▶ _INFORMATION SHOWN_:

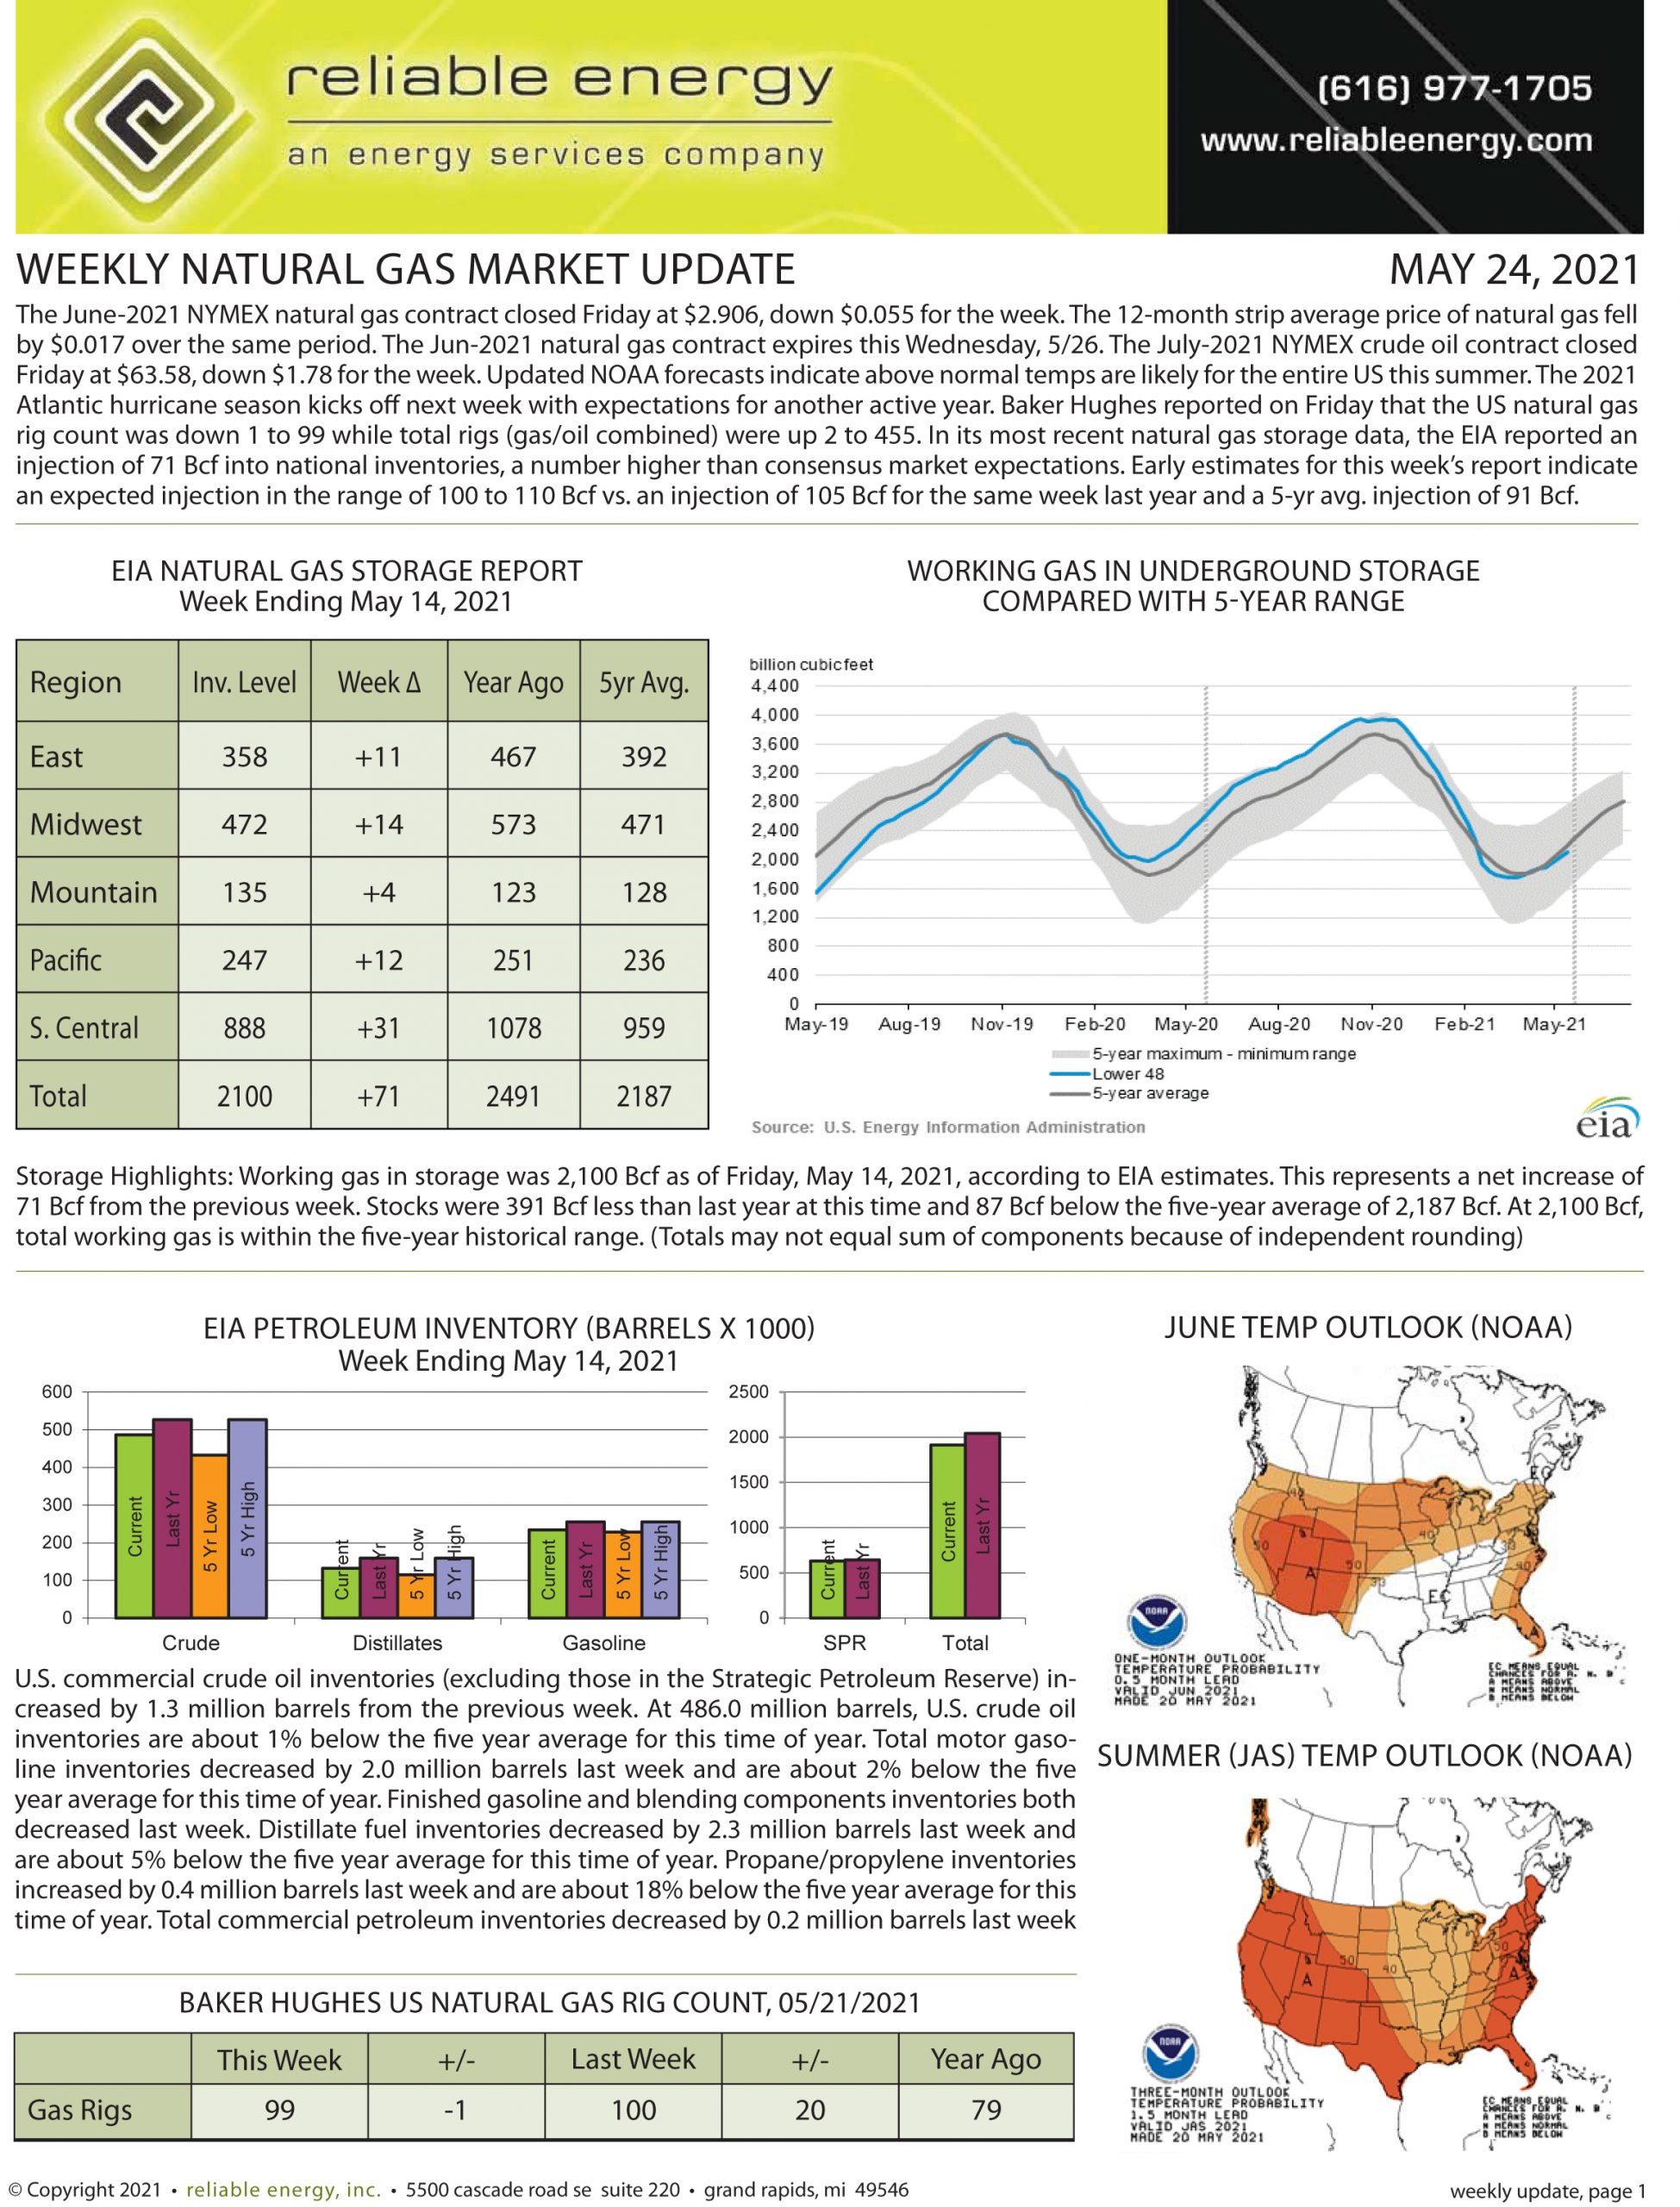 Natural Gas Market Update – May 24, 2021
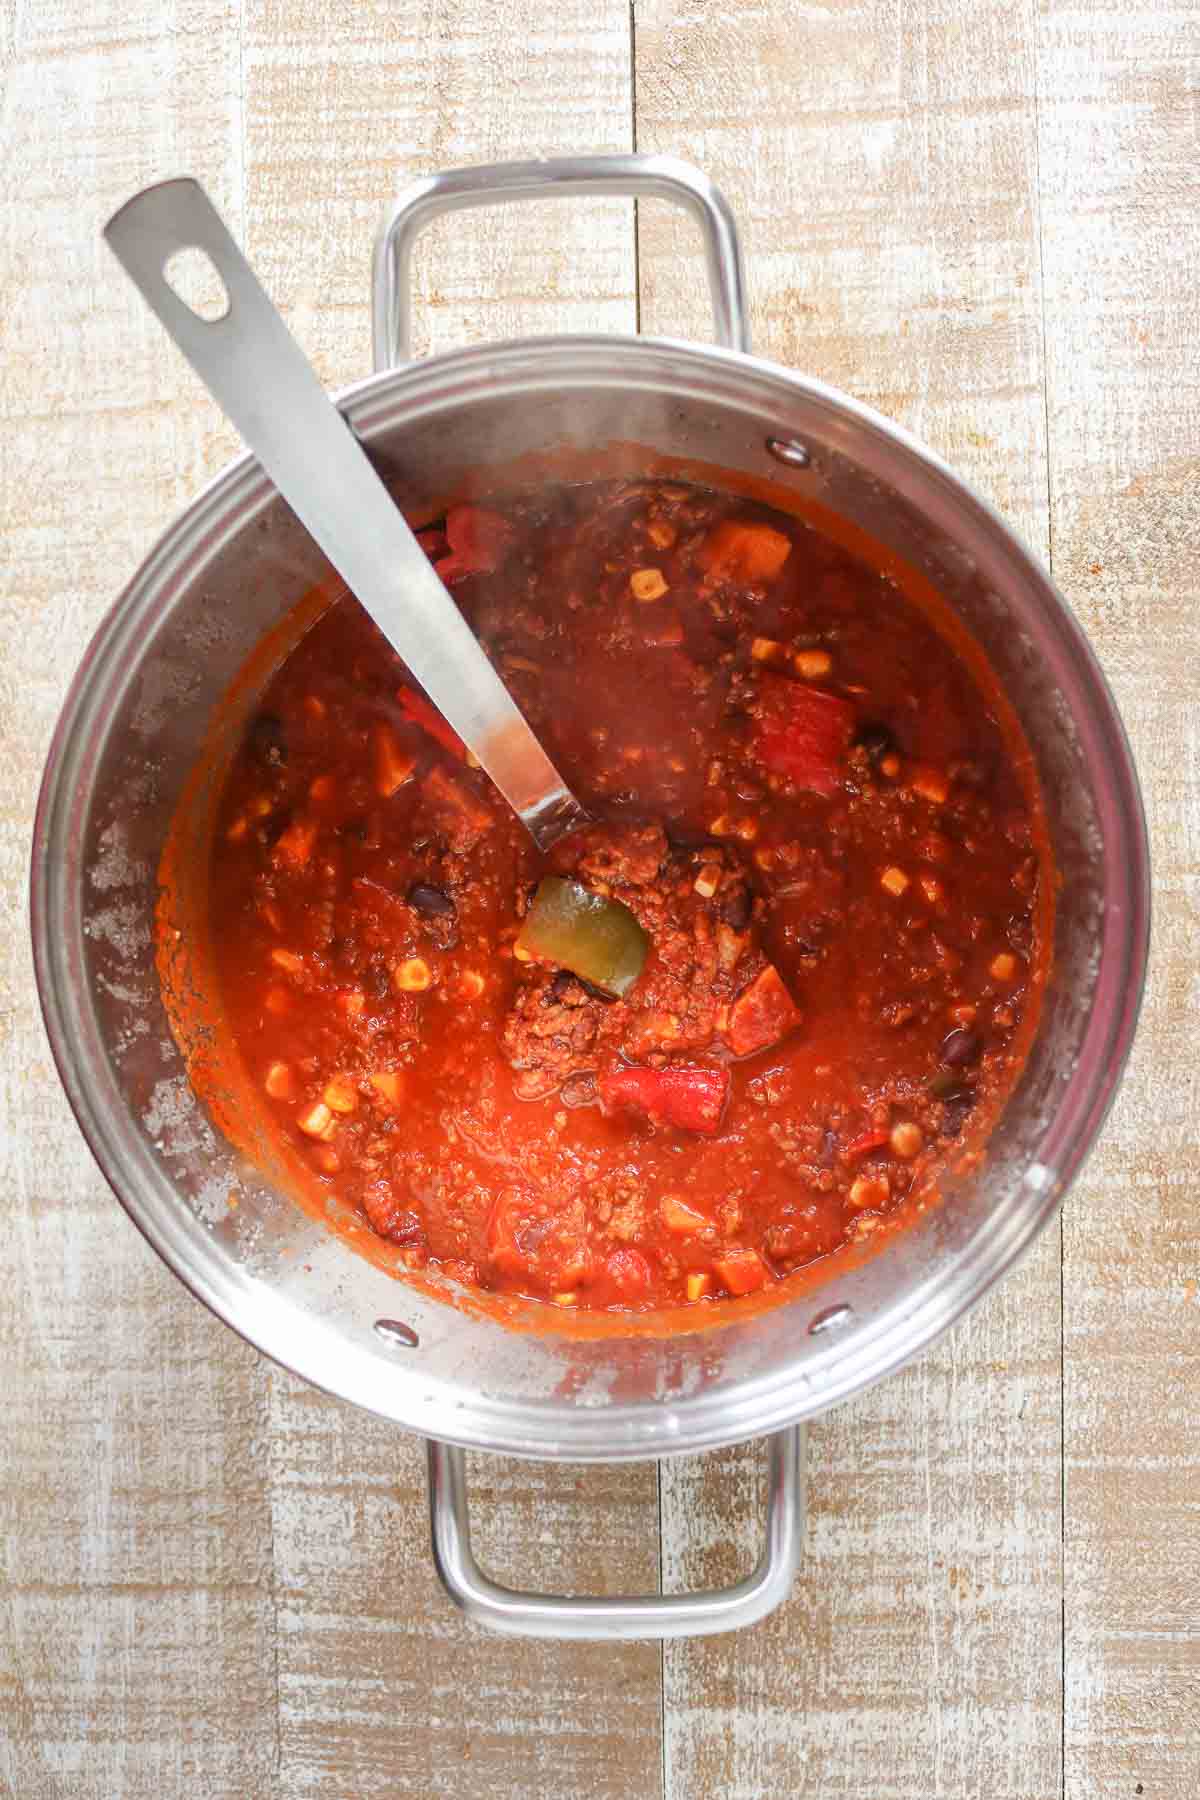 Pot of chili with a ladle resting in it.
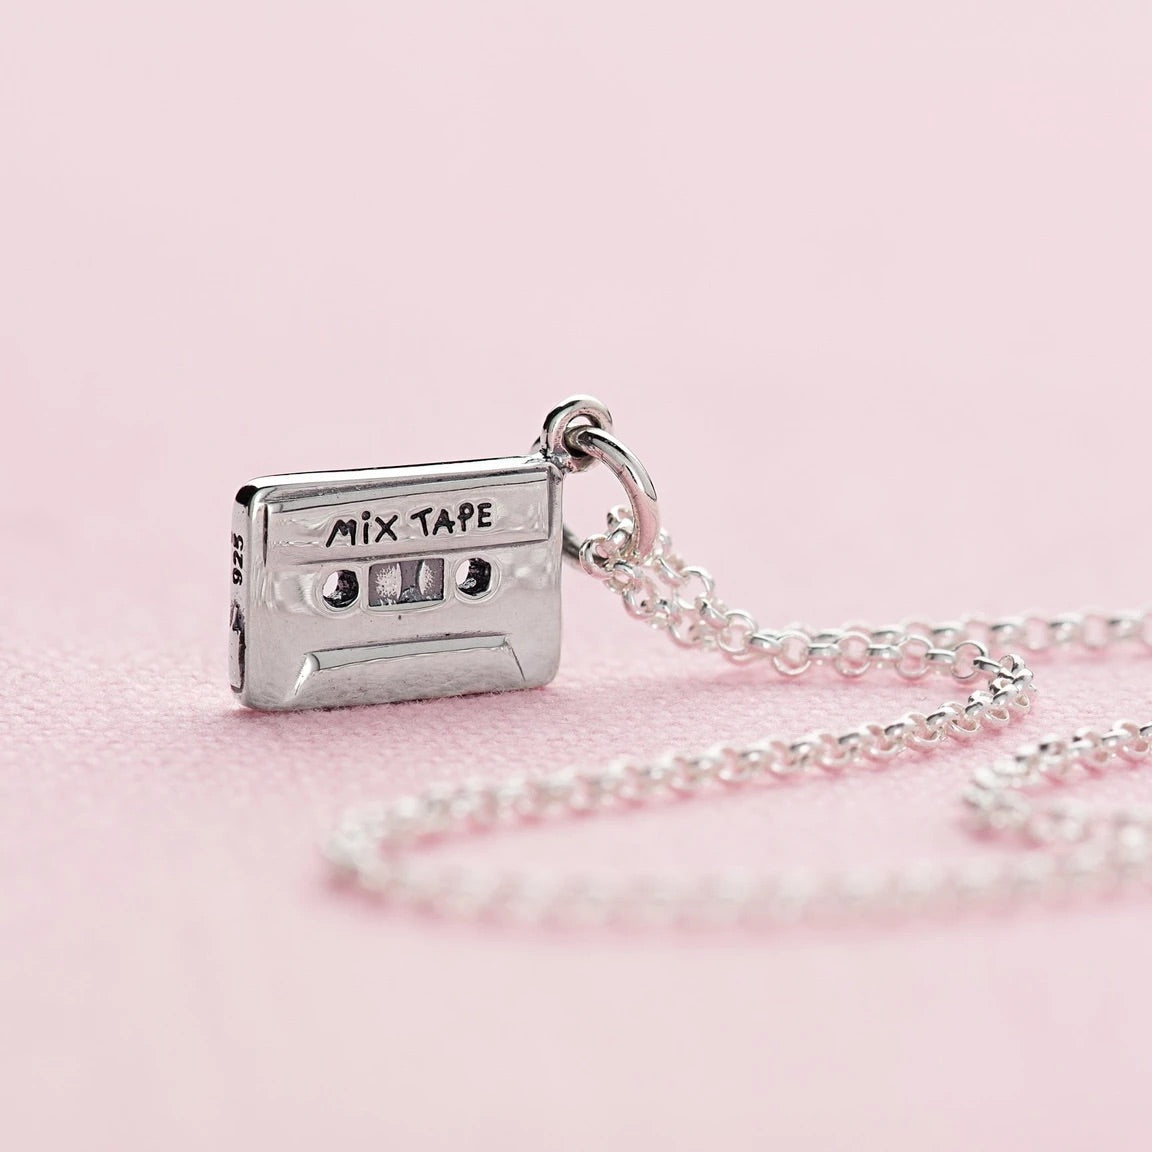 Mix tape necklace - sterling silver

▶ _GOAL OF THE EXERCISE_: Repeat the material exactly and drop each image.

▶ _YOUR RESPONSE_:
 Natural Gas Market Update – May 24, 2021
 Pot of chili with a ladle resting in it.
 Mix tape necklace - sterling silver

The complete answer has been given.